* Exercise requirements *
Give the data back exactly. Leave out any images.

* Information shown *
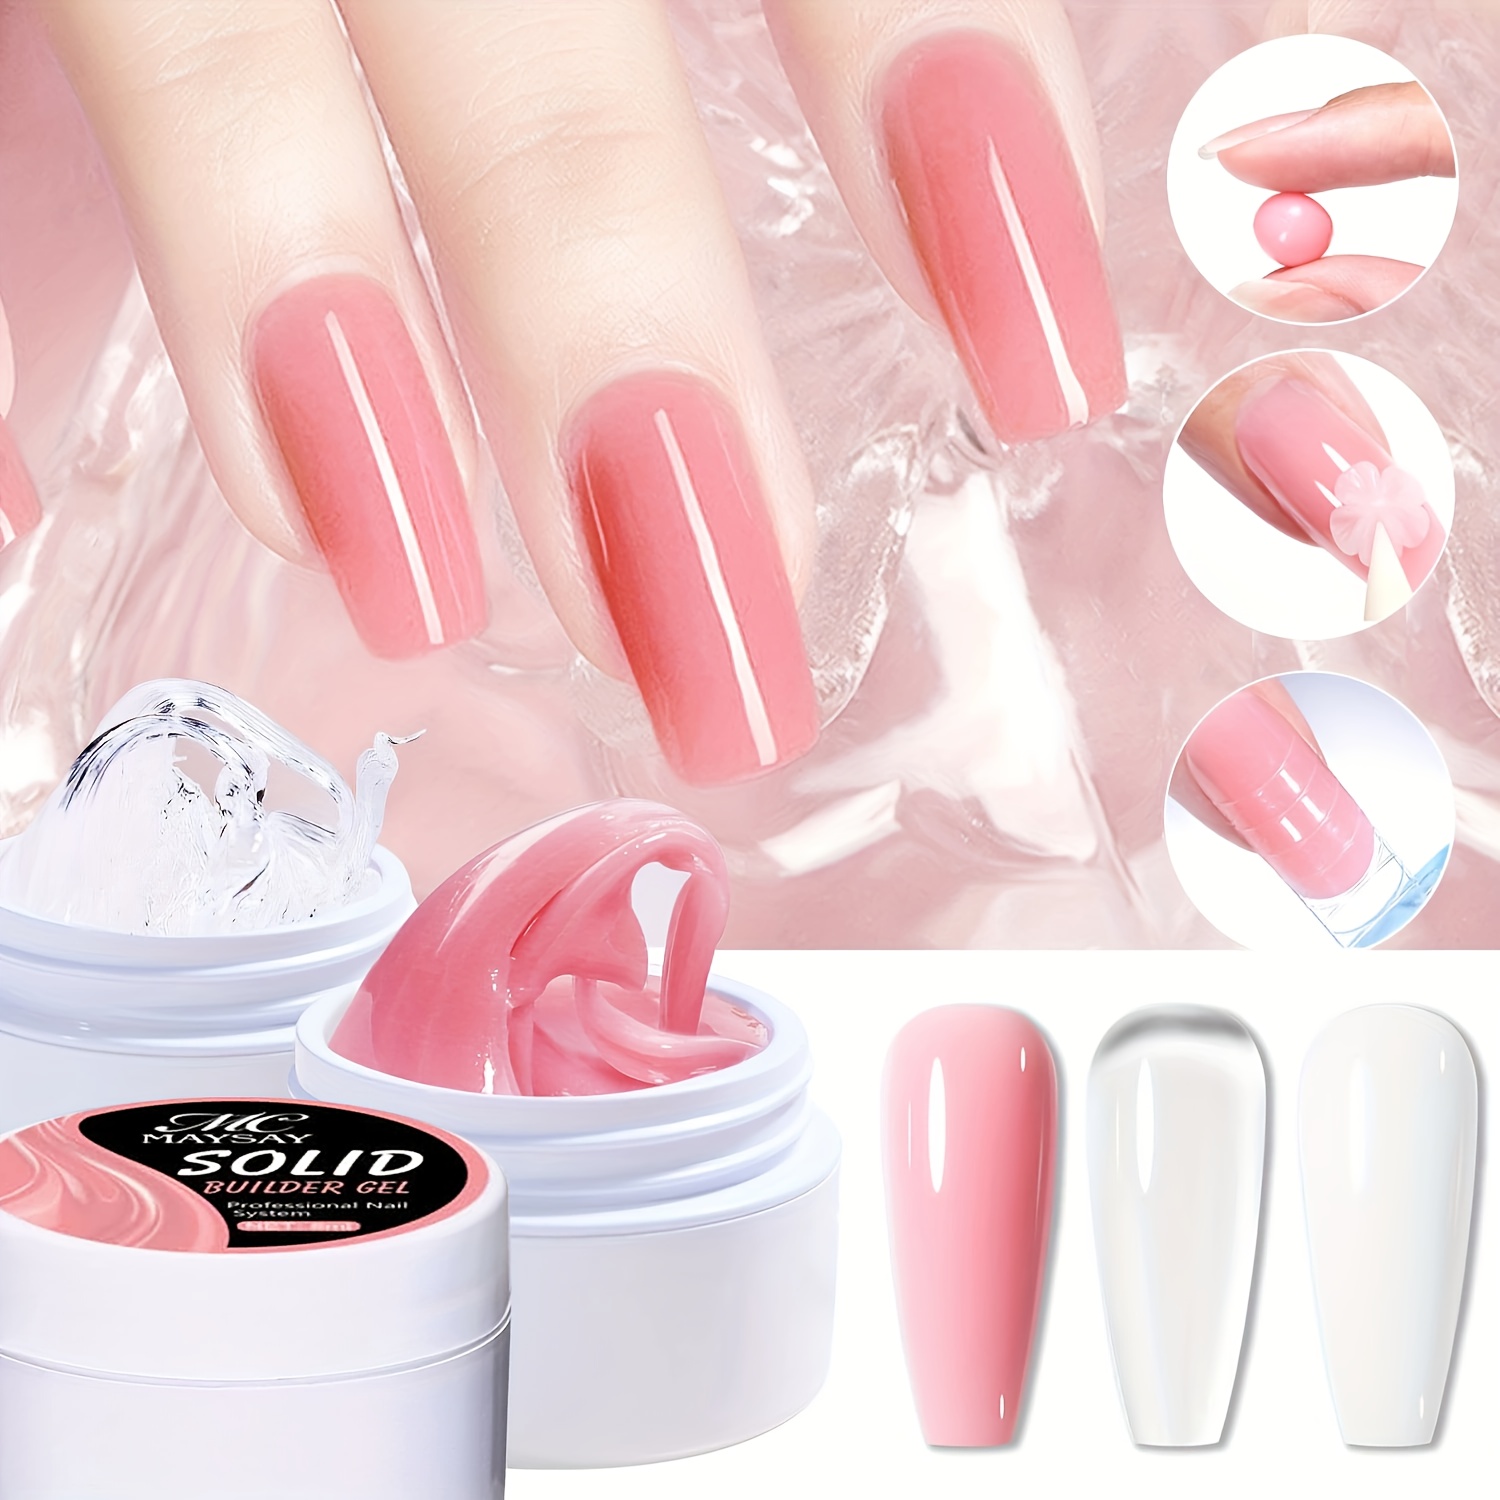 Solid Builder Gel Nails Extension Hard Nail Gel Non sticky - Temu
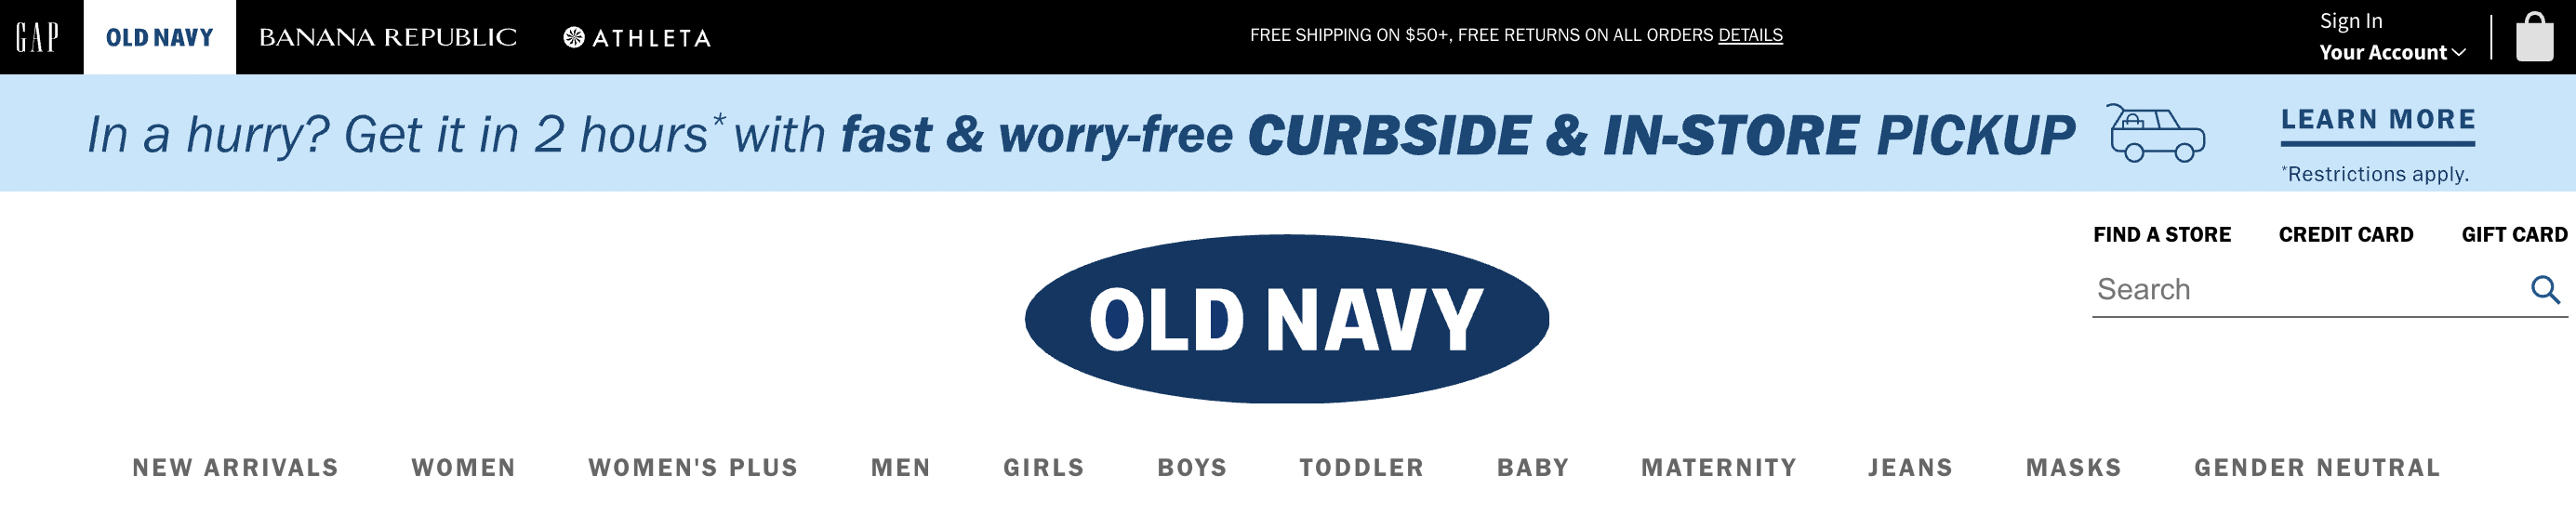 old navy notification banner
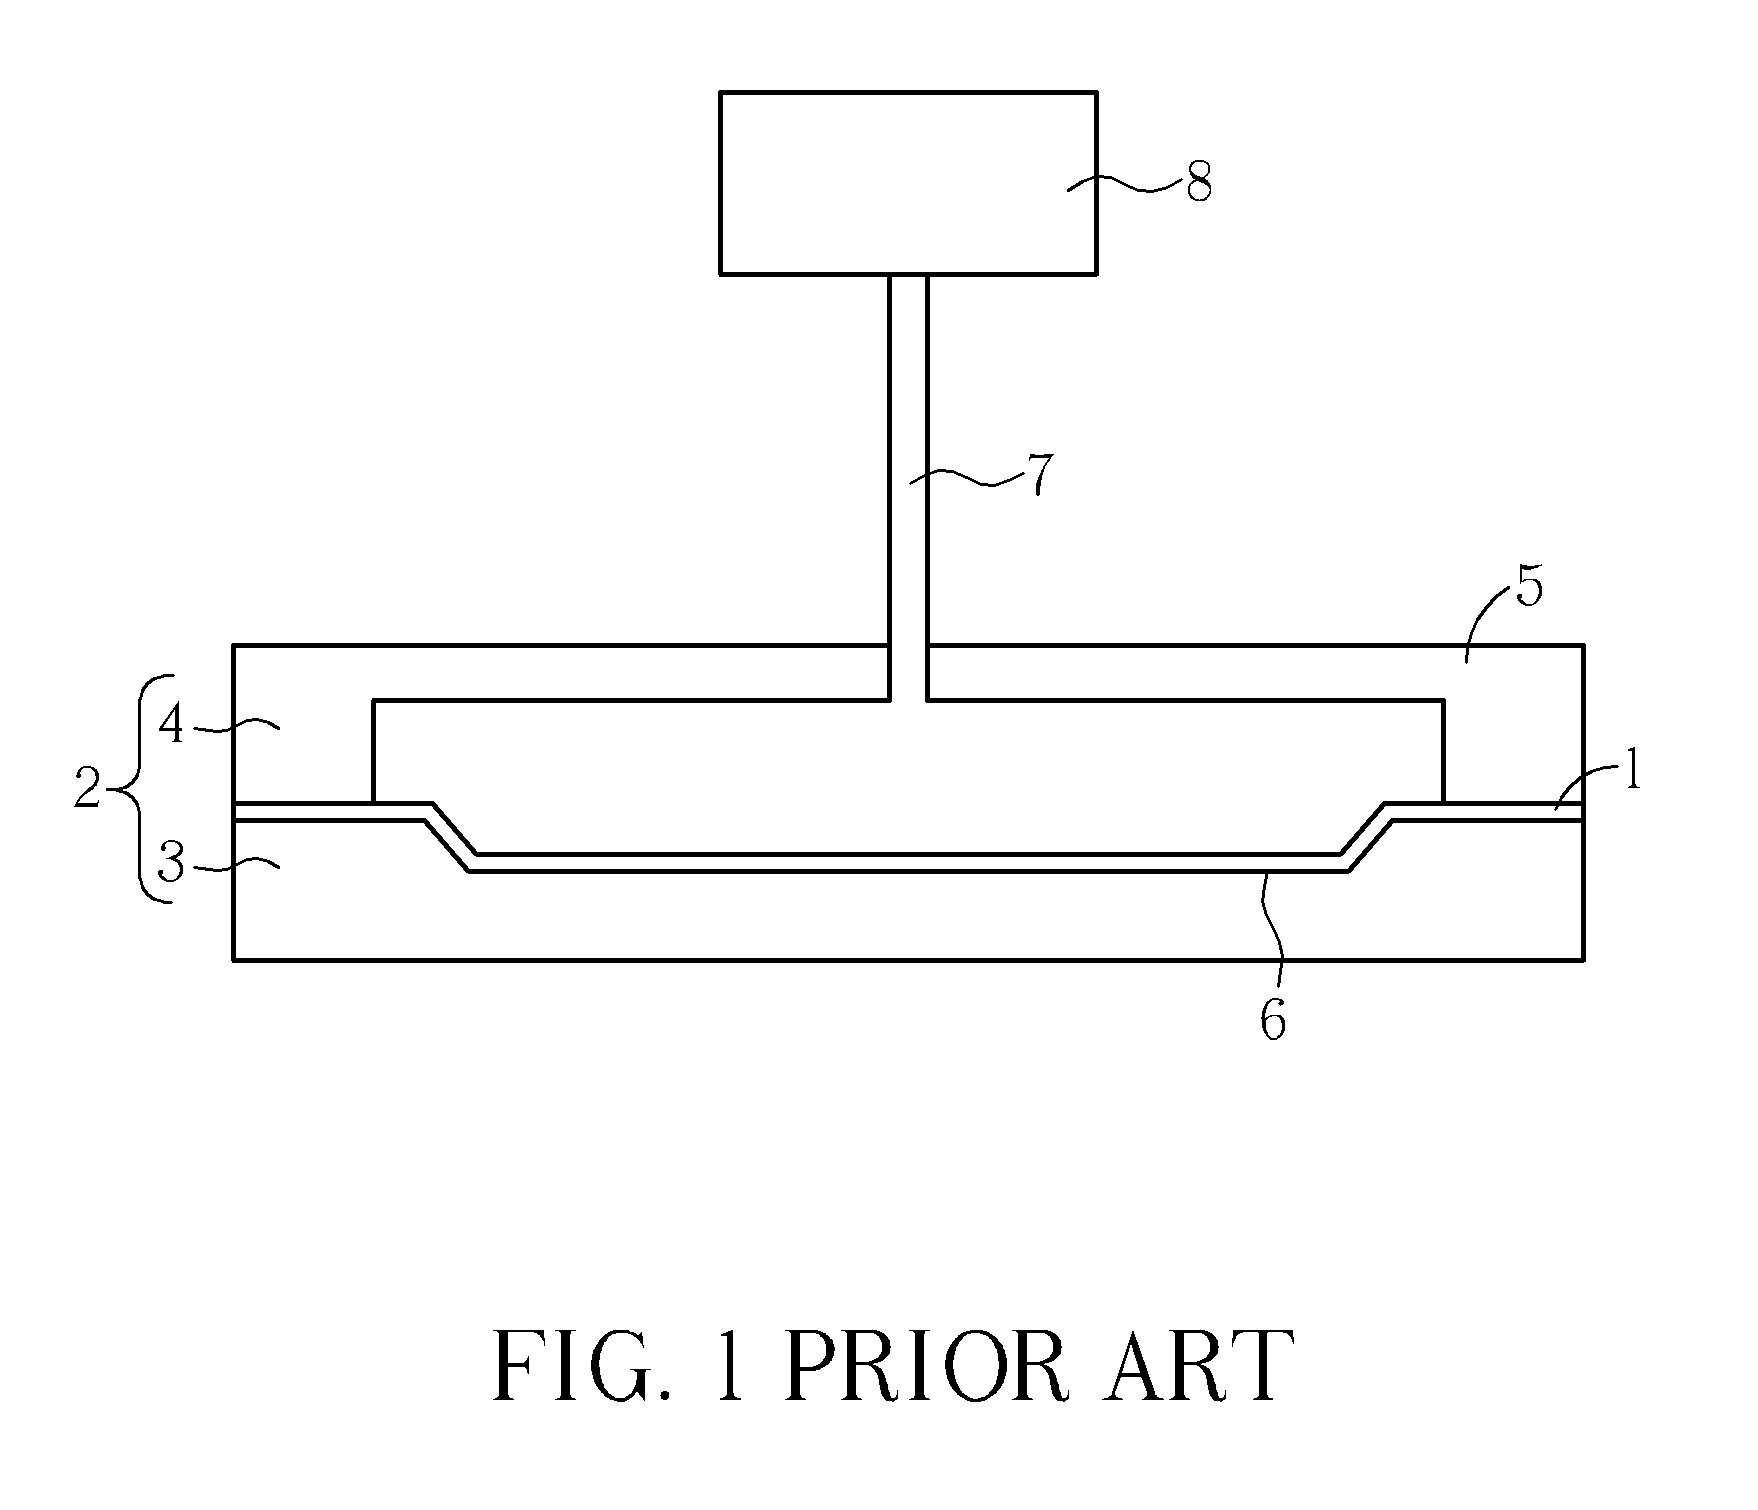 Molding apparatus and gas compression molding process
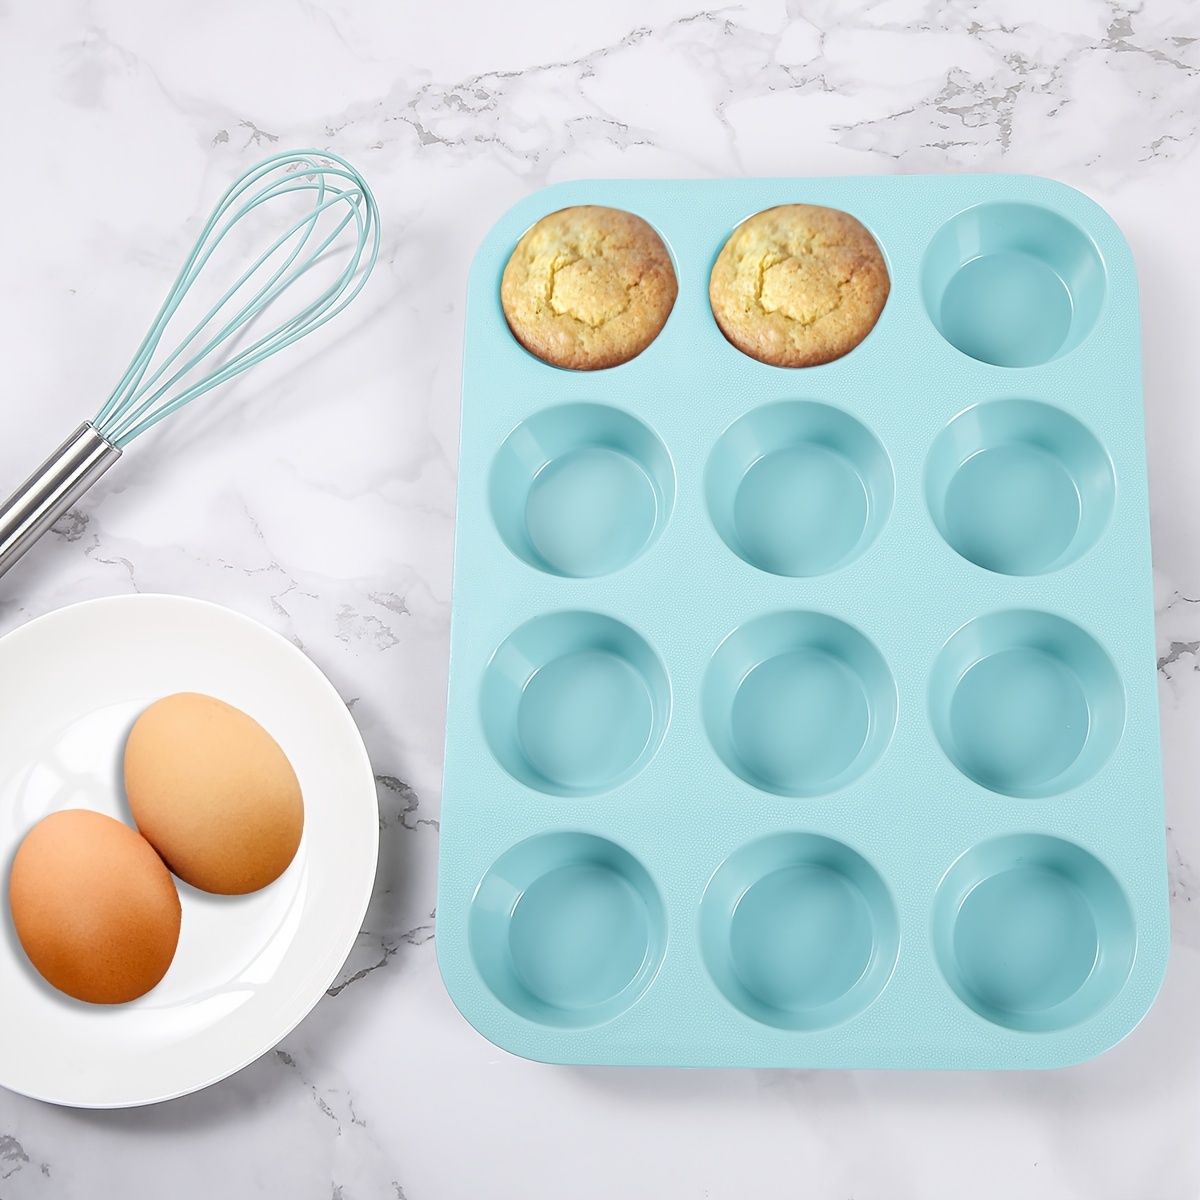 41pcs Silicone Baking Pan, Silicone Cake Molds, Baking Sheet, Donut Pan,  Silicone Muffin Pan With 36 Pack Silicone Baking Cups, Dishwasher Safe

* Finished exercise *
 Solid Builder Gel Nails Extension Hard Nail Gel Non sticky - Temu
 old navy notification banner
 Molding apparatus and gas compression molding process
 41pcs Silicone Baking Pan, Silicone Cake Molds, Baking Sheet, Donut Pan,  Silicone Muffin Pan With 36 Pack Silicone Baking Cups, Dishwasher Safe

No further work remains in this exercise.